Currently, Alpine does not compress debug sections. I think we should
consider doing so.
== Benefits ==
Compressing debug sections saves a lot of installed disk space. For
example, I took mesa-dbg (the largest dbg apk currently), ran
find . -name \*.debug -exec objcopy --compress-debug-sections {} \;
and reduced the installed size from 452M to 181M.
== Drawbacks ==
=== Compatibility ===
Some programs may not be compatible with compressed DWARF sections.
While gdb and lldb support it just fine, libunwind does not support it
until the not-yet-released v1.5. libexecinfo doesn't support compressed
DWARF sections, but it doesn't support split debug either, so it's a
moot point. It also seems that libexecinfo is broken now anyways: [1].
=== Speed ===
Obviously, compressed debug sections take somewhat longer to load. I
haven't tested it, but based on my experience using Gentoo, up to a few
extra seconds loading very large debug symbol files (e.g. mesa, firefox)
can be expected. This probably also applies to applications taking their
own backtraces using libunwind, but I'm not sure.
=== Size ===
In theory, compressing debug sections should slightly increase APK size.

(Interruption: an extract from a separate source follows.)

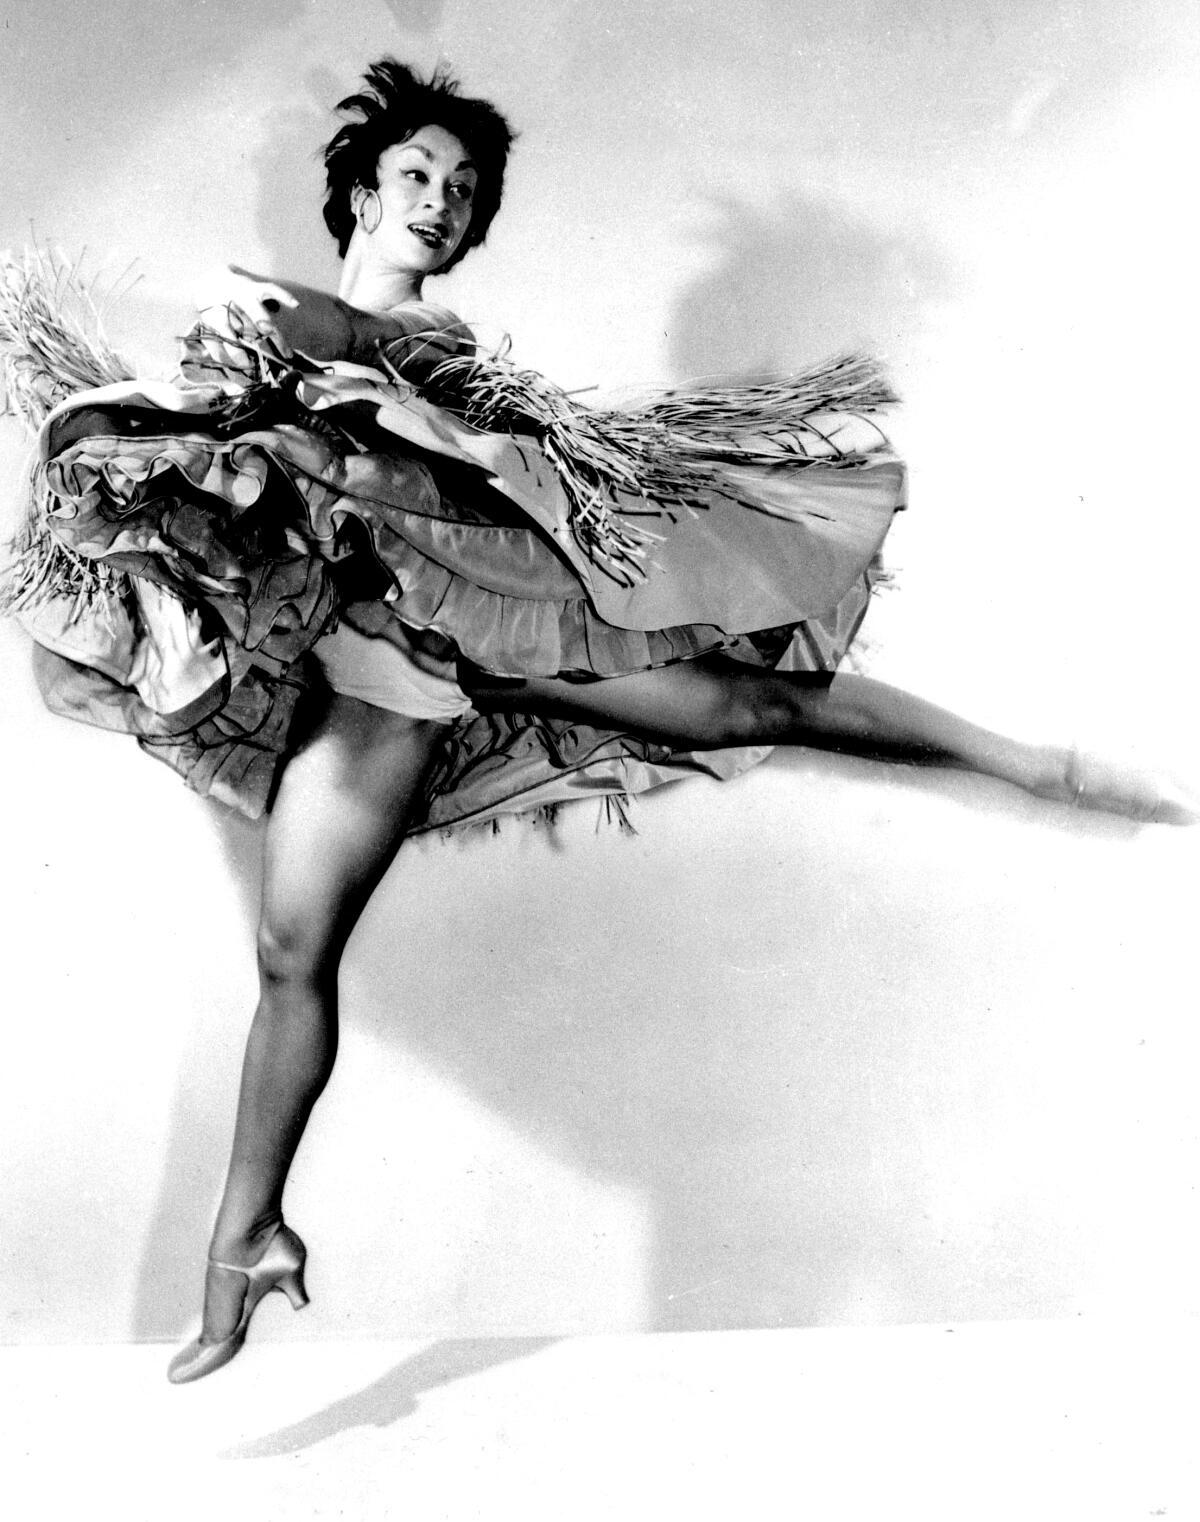 A black and white photo shows performer Chita Rivera, mid leap, her skirts fluttering all around her.

However, in practice, I found this not to be the case. gzip uses a
fairly small window, so in fact double-compressing large, highly
compressible files can sometimes reduce the size. In this case,
musl-dbg tar size (i.e. without apk headers) decreased from 179984559
bytes to 177951179 bytes. Smaller dbg apks will likely see a slight
increase.
Unfortunately, this reverses completely with zstd. Using zstd -9,
compressing debug sections causes the tar size to increase from
134414806 to 178504848. This makes sense, because at high levels, zstd
compression is much more powerful than gzip. Unfortunately, there seems
to be no support for zstd or even LZMA DWARF compression at this time,
so unless we implement something like precomp [2], which seems overly
complicated for a simple `apk add`, it would increase the resulting apk
size.
== Conclusions ==
Overall, I think that once libunwind is bumped to 1.5, we should start
compressing debug sections. We shouldn't support old bundled versions of
gdb or libunwind, and the installed size benefit is substantial. In my
opinion, the speed difference is negligible compared to the size
benefits. If we switch to zstd apk format, then that will unfortunately
likely need to be reverted.
[1] https://gitlab.alpinelinux.org/alpine/aports/-/issues/10896
[2] https://github.com/schnaader/precomp-cpp
Hello,
On Thursday, July 2, 2020 11:09:19 AM MDT Alex Xu (Hello71) wrote:
> Modern DWARF debugging sections can be compressed with zlib to save> storage. This is done using the gcc -gz or objcopy> --compress-debug-sections options.> > Currently, Alpine does not compress debug sections. I think we should> consider doing so.> > == Benefits ==> > Compressing debug sections saves a lot of installed disk space. For> example, I took mesa-dbg (the largest dbg apk currently), ran> > find . -name \*.debug -exec objcopy --compress-debug-sections {} \;> > and reduced the installed size from 452M to 181M.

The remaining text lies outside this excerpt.